Henry Thoreau: A Life of the Mind appeared in 1986 and received praise for both its content and its style. Henry Thoreau inspired fan letters, too, one of them from another writer, Annie Dillard, whose book Pilgrim at Tinker Creek won a Pulitzer Prize in 1975. Dillard’s letter led to dinner, friendship, and eventually to marriage. In 1988, Richardson joined Dillard in Middletown, Connecticut, where she is writer in residence at Wesleyan University, and there he labored over his next biography, of Thoreau’s mentor Ralph Waldo Emerson.

Richardson spent nearly a decade researching and writing Emerson: The Mind on Fire, devoting most of the time to research. He used the same grueling method that he had applied to Thoreau: in addition to the secondary literature about his subjects, Richardson sought to read "everything of any importance" that they had ever read. For the books on Emerson and Thoreau, Richardson estimates that his reading lists ran to nearly 2,000 titles. The effort pays off, he says, enabling him to see the development of his subjects’ own thought by tracing, minutely, the sources of its inspiration. "The goal," Richardson says of intellectual biography, quoting Janet Malcolm, "is to show why this particular person did this particular work."

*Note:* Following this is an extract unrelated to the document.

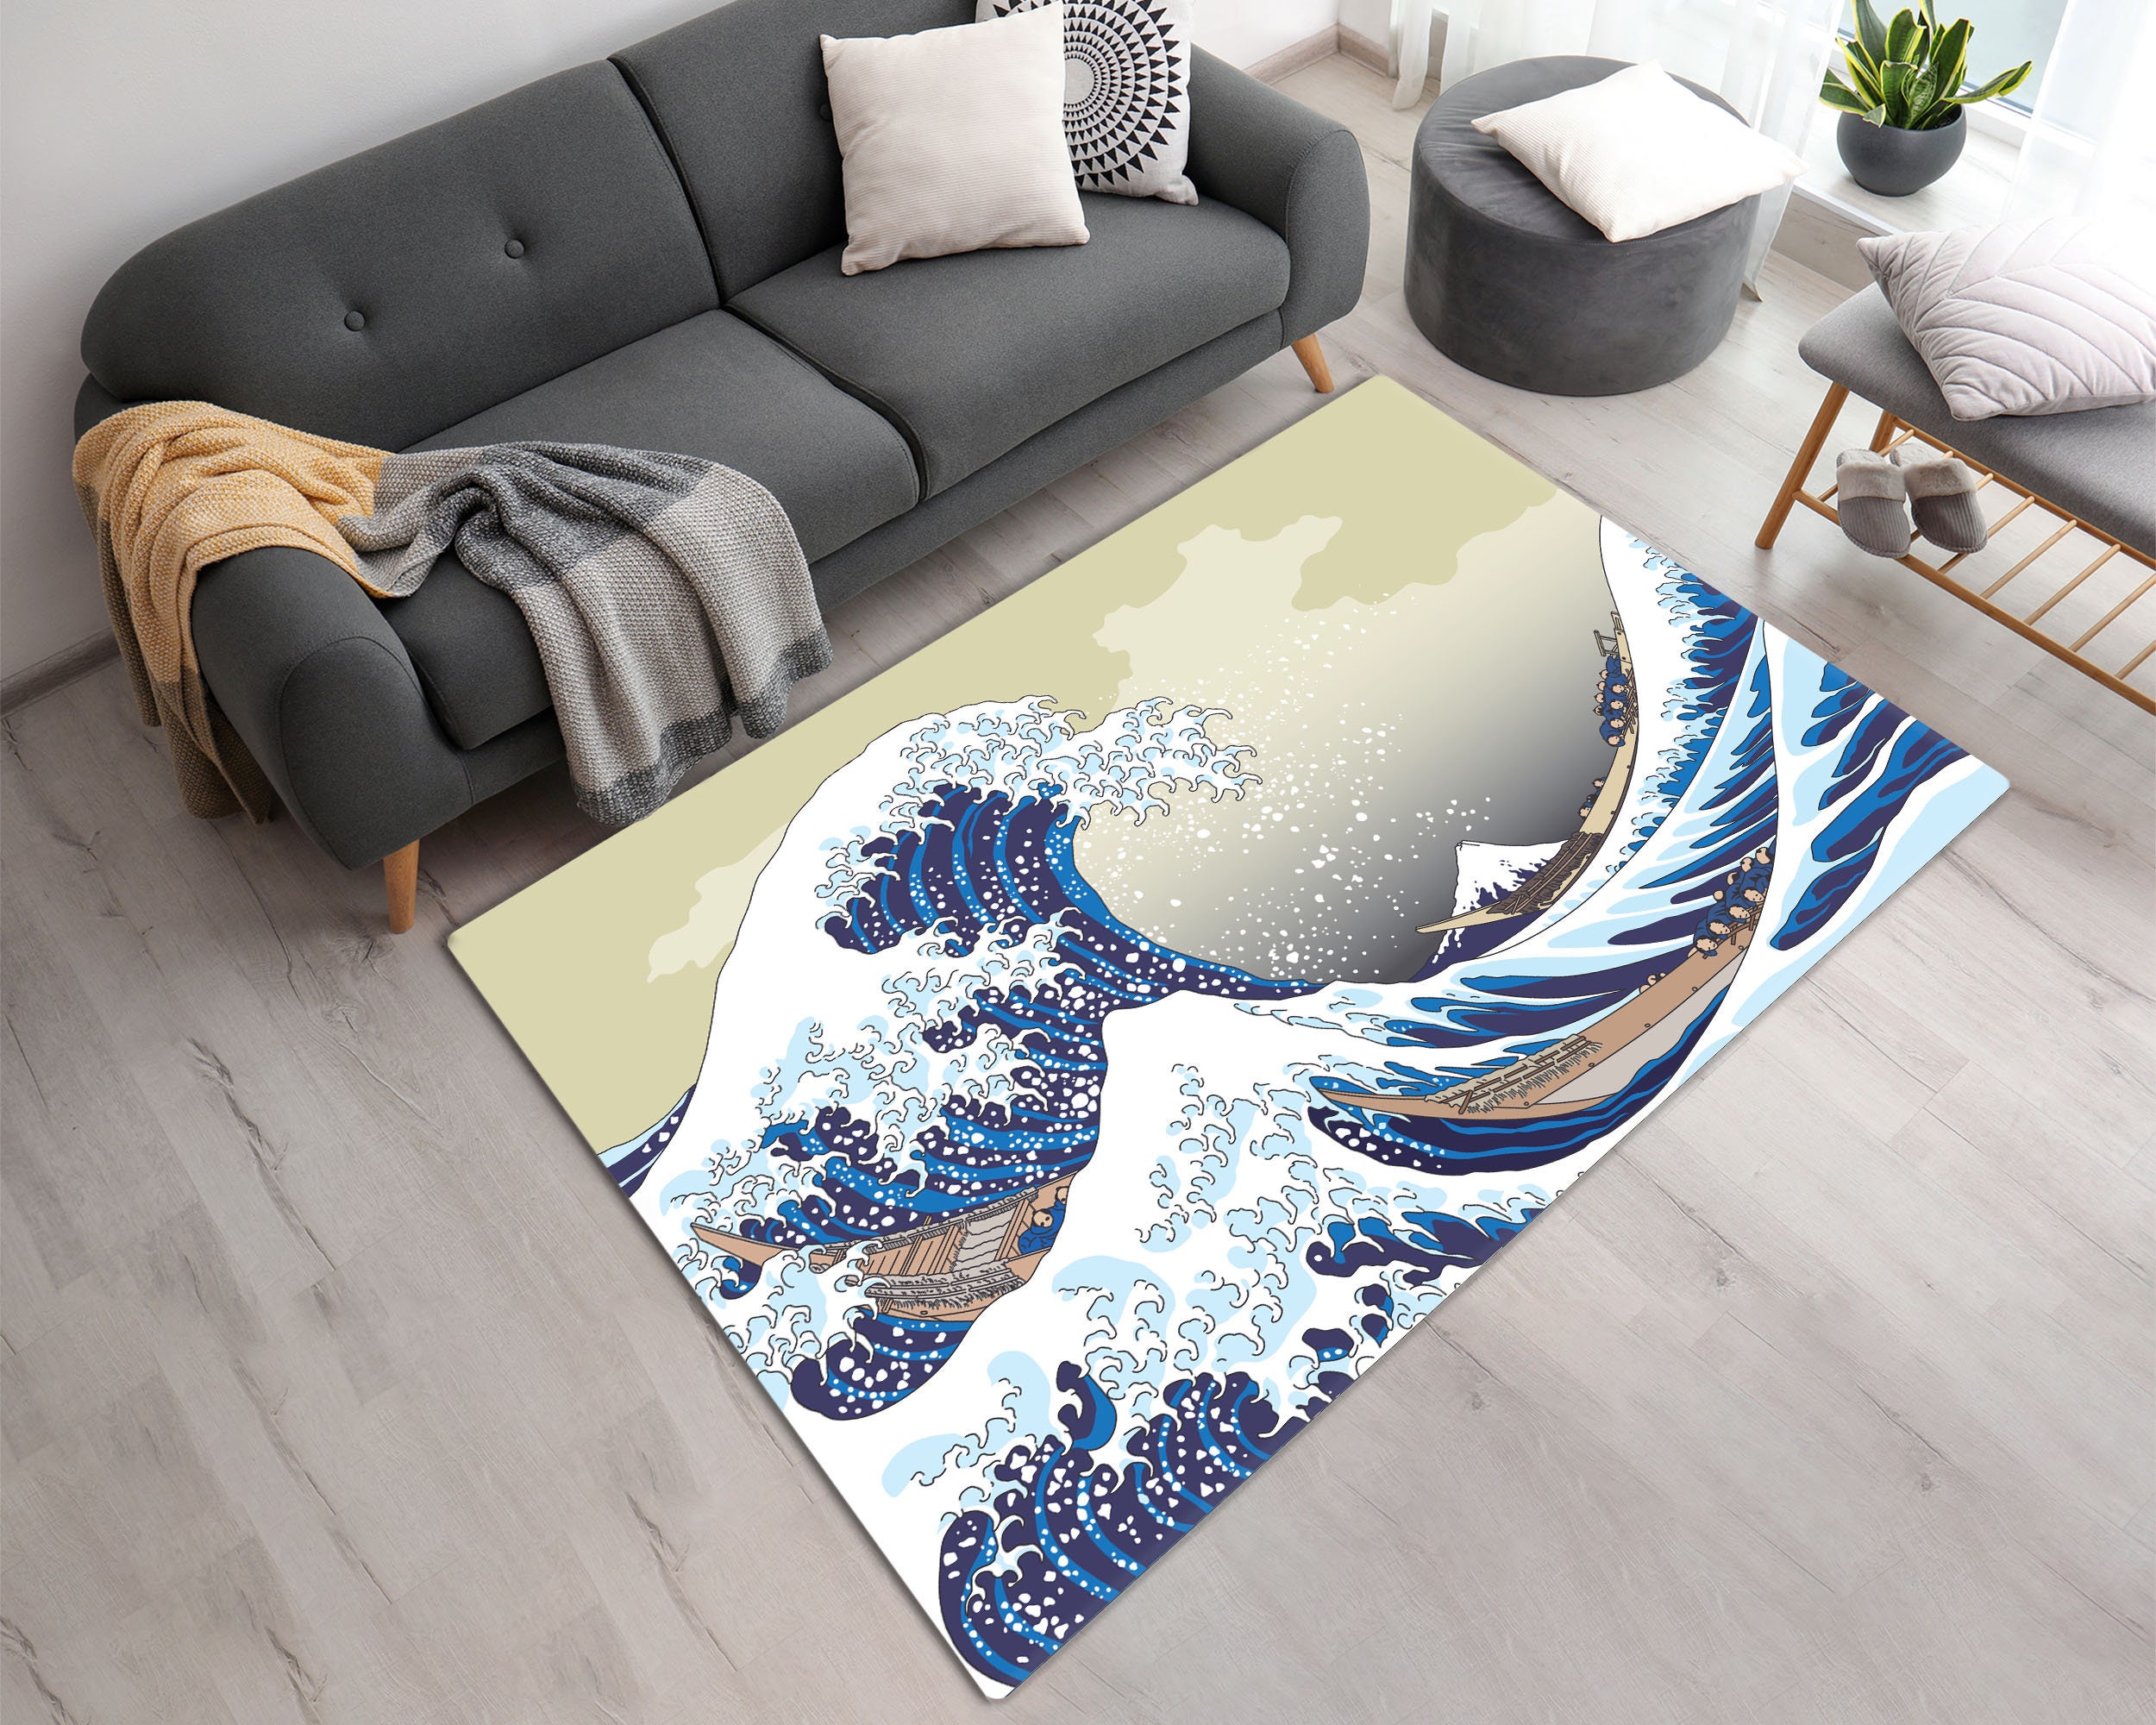 The Great Wave off Kanagawa Printed Area Rug Washable Printed Area Rug Gift  for Home Home Decor 
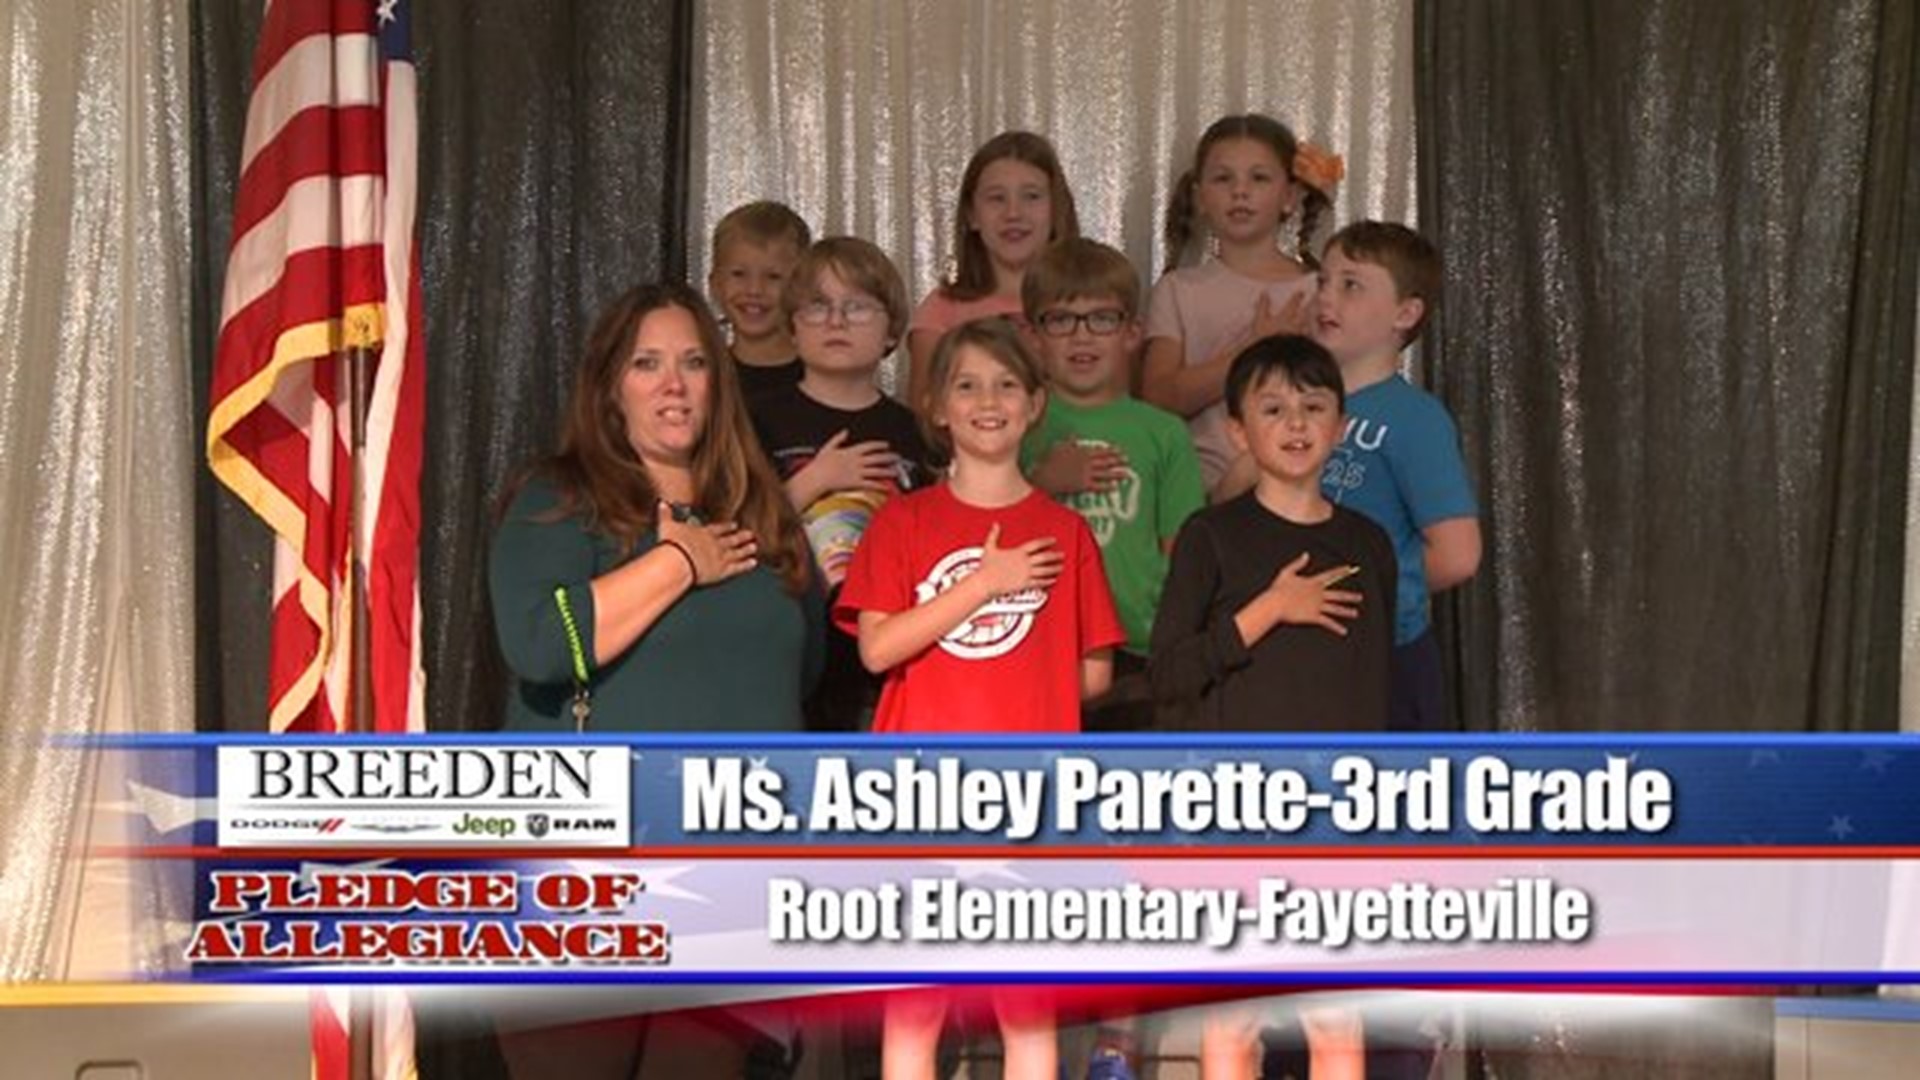 Root Elementary, Fayetteville - Ms. Ashley Parette - 3rd Grade

Richardson compiles his reading lists by beginning with pre-existing lists made by other scholars. He then consults university library records and combs his subjects’ journals and letters for references to other books they mention or seem to have read. As he explains succinctly in the preface to Emerson, "My approach to both Thoreau and Emerson has been to read what they read and then to relate their reading to their writing."

Compared to the glacial pace of his research, the writing goes quickly: Richardson said he spent about a year writing Emerson. The book is written in 100 short chapters. In each, Richardson at once probes and describes, building at once a story and an argument.

"I understand biography as involving a lot of the skills a novelist uses, but playing by the rules of the historian," he said.

Richardson is now nearly two years deep in the reading list for his next book, a biography of psychologist, philosopher and anti-transcendentalist William James, who, perhaps unknowingly, identified another skill indispensable to the biographer: empathy.

Said Richardson, "William James says in an essay called ‘On a Certain Blindness in Human Beings’ that the hardest thing, the thing that none of us can really do, is to really see from another person’s point of view, but how important it is to try."

—Eric Gershon '93


Eric Gershon ’93 is a former editor of The Exonian and frequent contributor to The Bulletin.